“Oh, doctor—she wished her own boy to be in his place,” said the nurse, who perhaps had a semi-maternal light upon the matter. The doctor kept on shaking his head as he finished his prescription.

“Don’t wake him for this or anything—not even for food; but give him the food as I told you.”

“I know, I know,” said the nurse, on whom the overstrain of her nerves was telling, too; “don’t you think I know, sir, how important it is.”

“Don’t you go off, too—don’t leave him for a moment. Avoid all noise or discussion. Try and keep everyone out, especially——” He did not finish his sentence, but it was unnecessary.
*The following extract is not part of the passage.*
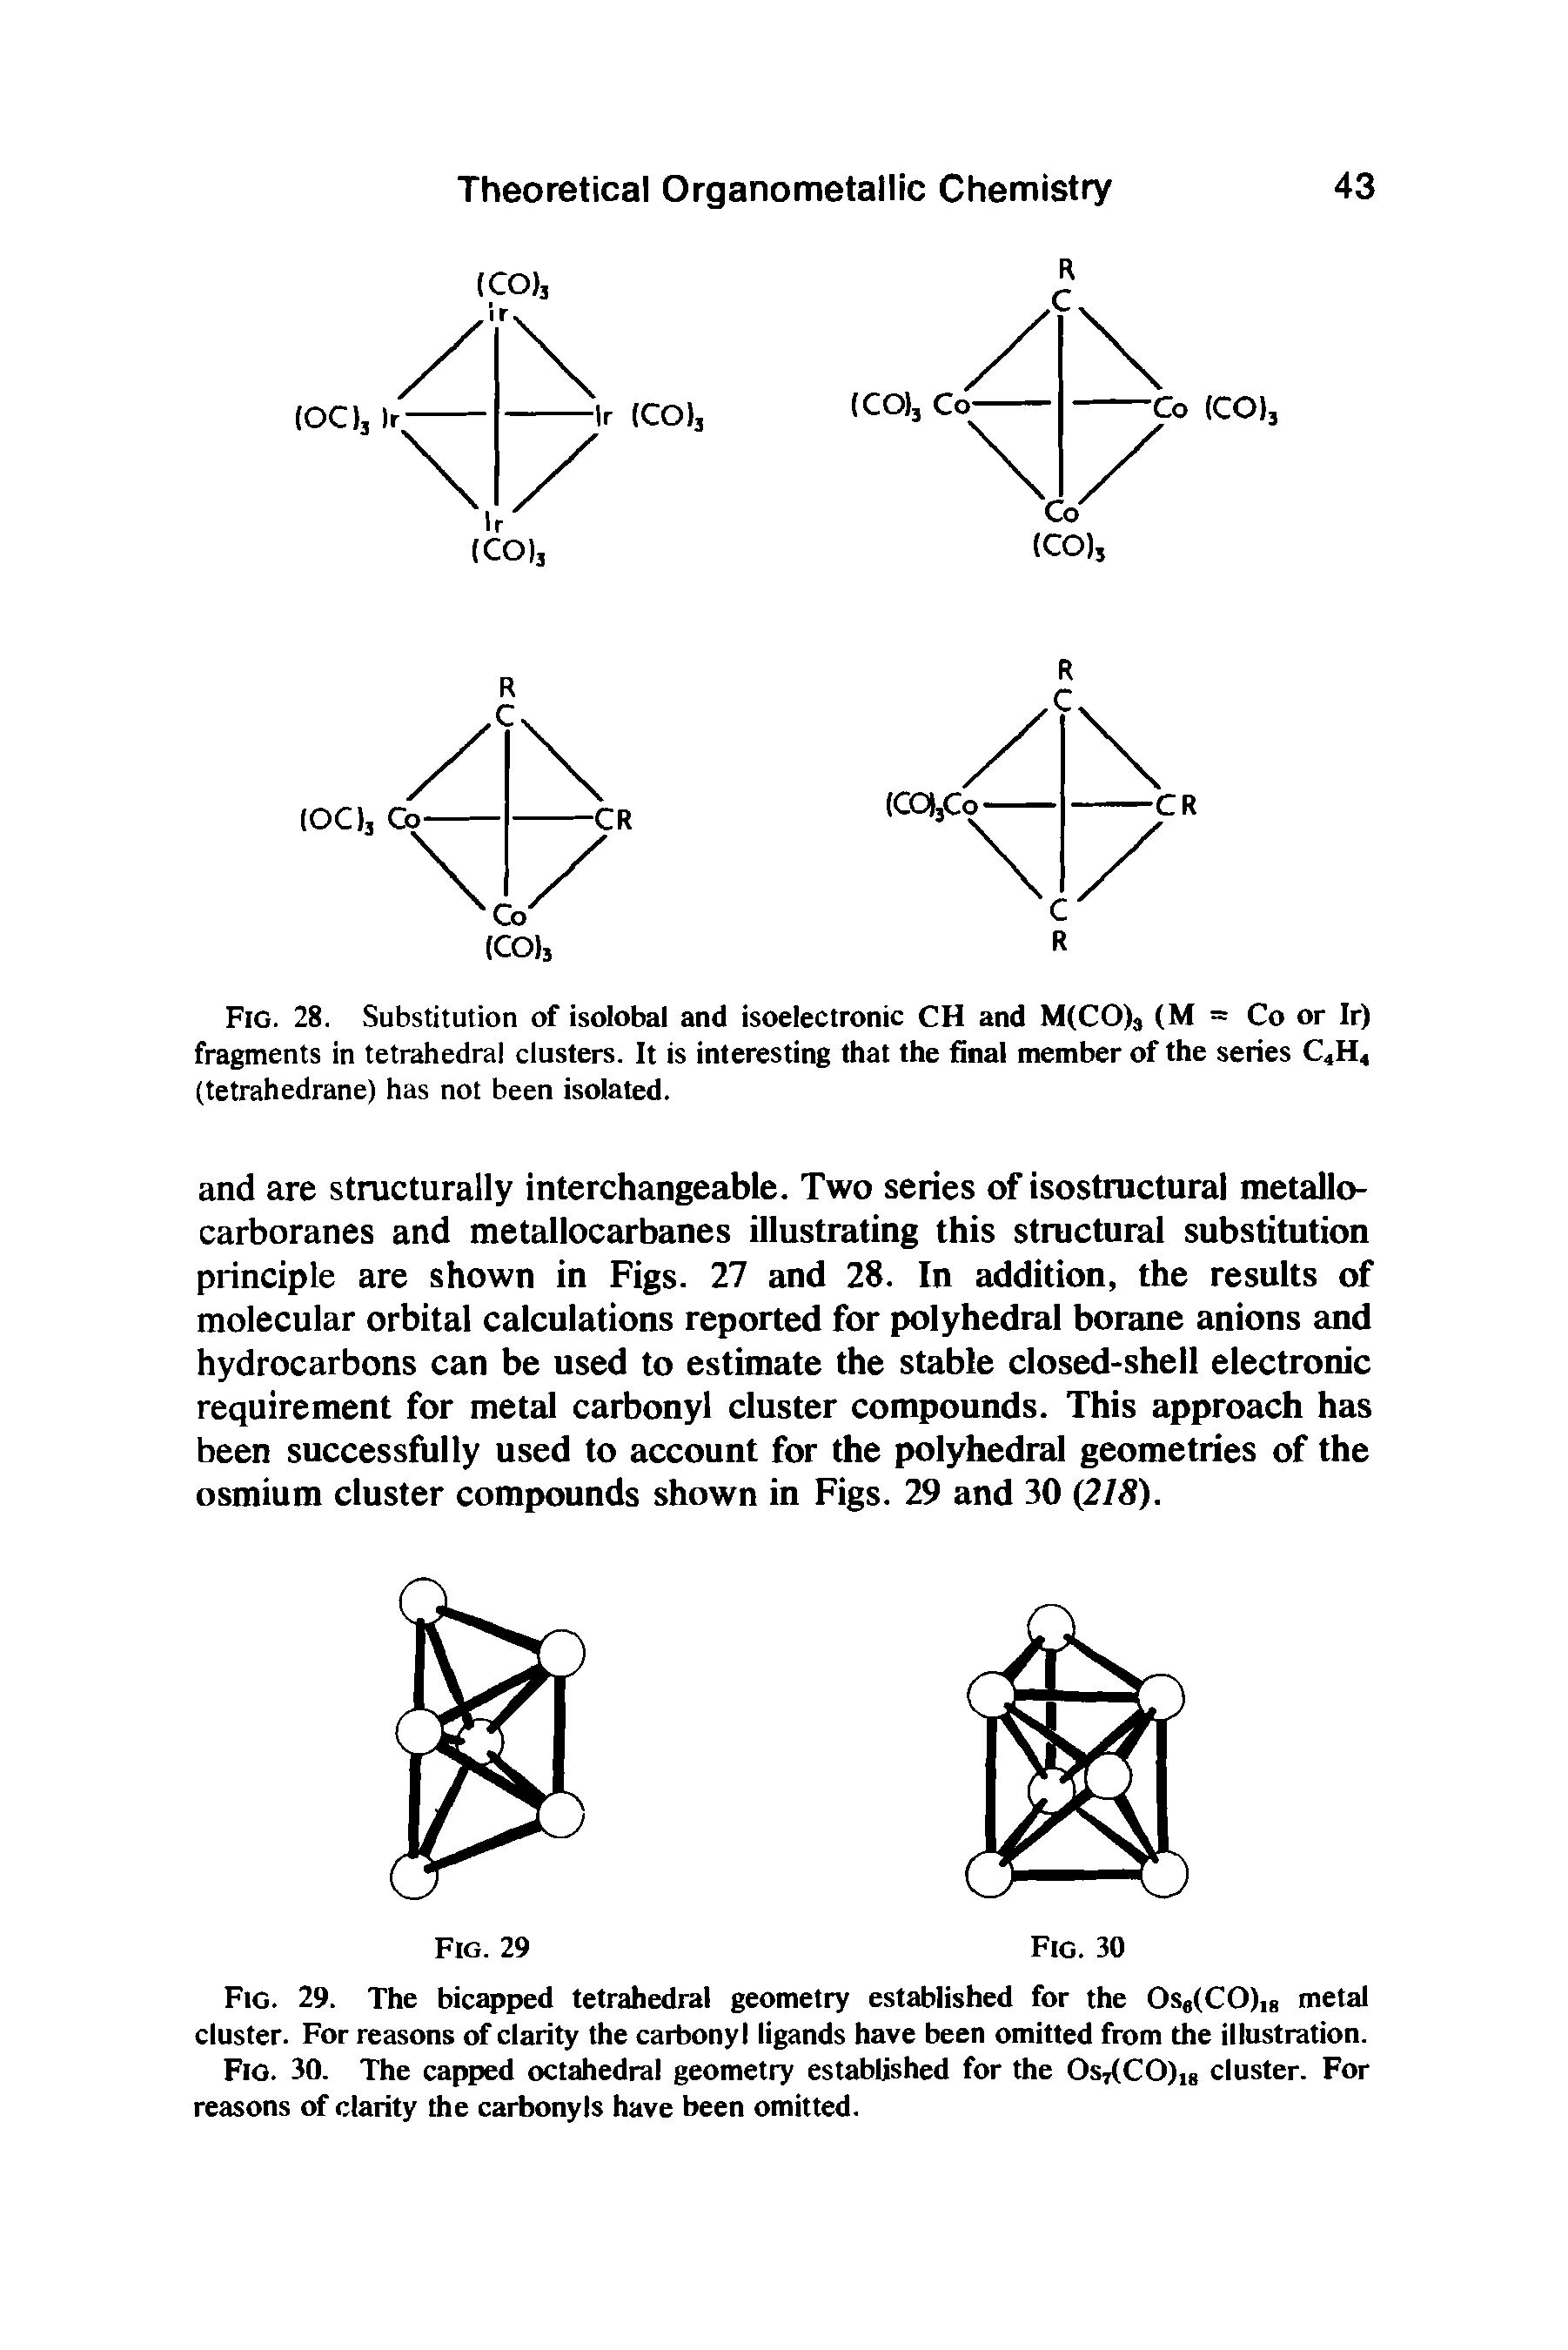 Fig. 28. Substitution of isolobal and isoelectronic CH and M(CO)3 (M = Co or Ir) fragments in tetrahedral clusters. It is interesting that the final member of the series C4H4 (tetrahedrane) has not been isolated.

“All I can do, doctor—all I can do. But Mrs. Parke is the mistress of the house.”

“She will not come back again,” he said, “she will be in a terrible fright when she knows how she betrayed herself. Poor thing! as you say, it was to put her boy in his place. They were wild before when this boy was born. Well, perhaps there is some excuse for them.”

“But you will come back to-night?”

“I should think so, indeed,” he said, “and before to-night. And I shall see John Parke as I go.”
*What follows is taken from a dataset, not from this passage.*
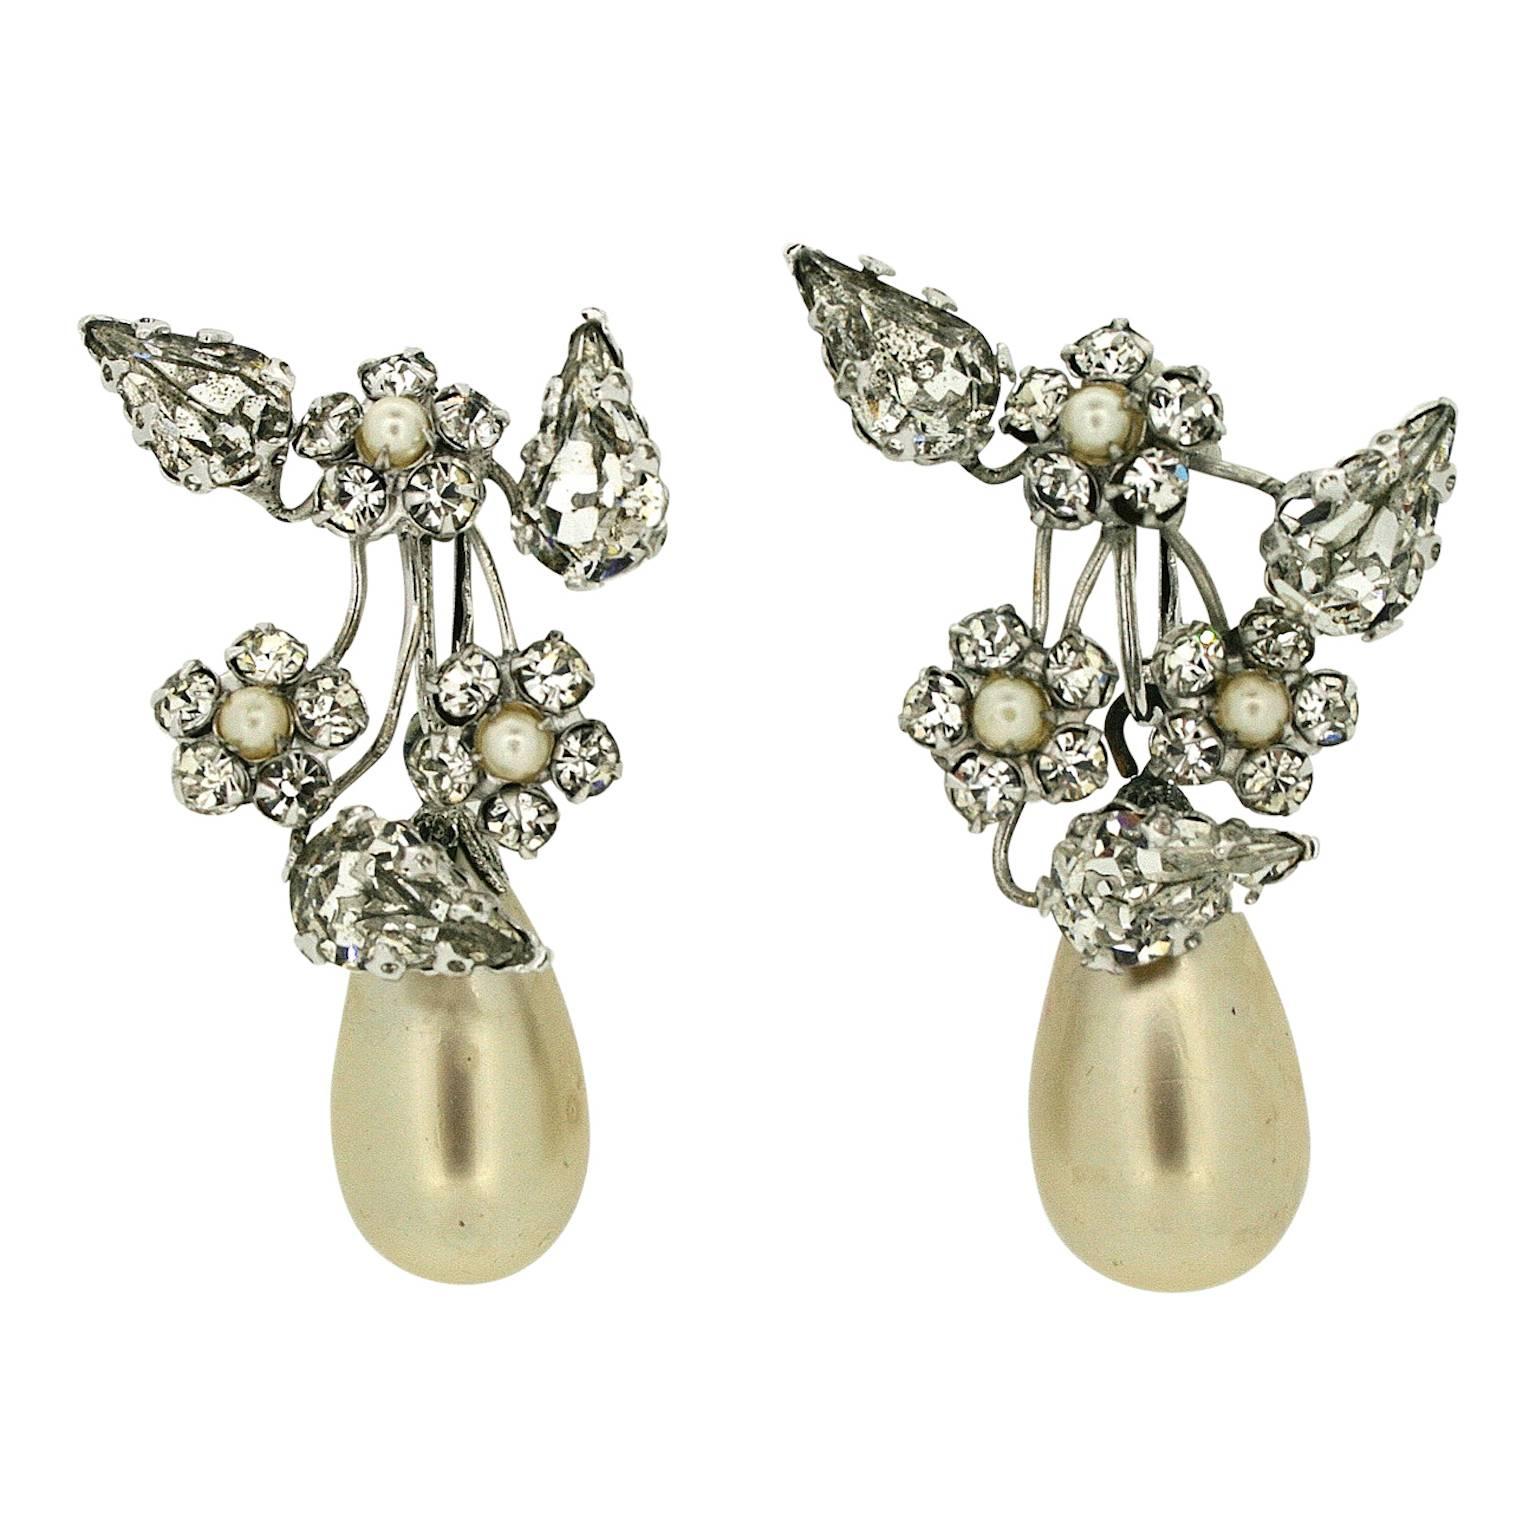 Schreiner 1950s Rhinestone and Faux Pearl Vintage Floral Earrings For Sale

But by that strange influence which nobody can explain, before the doctor left the room the news had somehow flashed through the house. The fever gone! John Parke came out into the hall as Dr. Barker came downstairs. “Is it true?” he said. It would be vain to assert that there was not a dull throb which was not of pleasure or gratitude through John Parke’s being when that rumor had come to him. The cup was dashed from his lips again, and this time for ever. He had to pause a moment in the library, where he was sitting, thinking involuntarily of the new life, to gulp down something—which shamed him to the bottom of his heart. But when he came out to meet the doctor that very shock had brought all his tenderer feelings back. “Is it true?” he said with a quiver of emotion in his voice. And at that moment Letty came flying in from the park and flung herself upon his neck, and kissed him like a whirlwind. “Oh, papa, Mar’s better!” she said, her voice between a soft shout and song of joy ringing through the great house. There was no doubt, no hesitation in Letty’s rapture and thankfulness. And it was with almost as true a heart, notwithstanding his momentary pang of feeling, that John grasped the doctor’s hand and said “Thank God.”

How the news ran through the house! It was known before it was ever spoken at all to the cook, who immediately rose from the retirement in which she was considering her menu, and ordered a delicate young chicken to be prepared to make soup. “I know what’s wanted after a fever. Something hevery hour,” said that dignitary. It swept up like a breeze to the housemaids upstairs busy with their work. “Oh, that’s what’s put the Missis in such a passion,” they said with unerring logic. Tiny, released from her lessons by the same instinctive consciousness of something, danced a wild jig round the hall to the tune of “Mar’s better. Mar’s better!” all her hair floating about her, and her shoes coming off in her frenzy. And thus nature and human feeling held the day and reigned triumphant, notwithstanding the fierce tragedy, indescribable, terrible—a passion which rent the very soul, and to which no crime, no horror was impossible, which raged and exhausted itself in the silence, shut up with itself and all devilish impulses in the best room, in the bosom of the mistress of the house.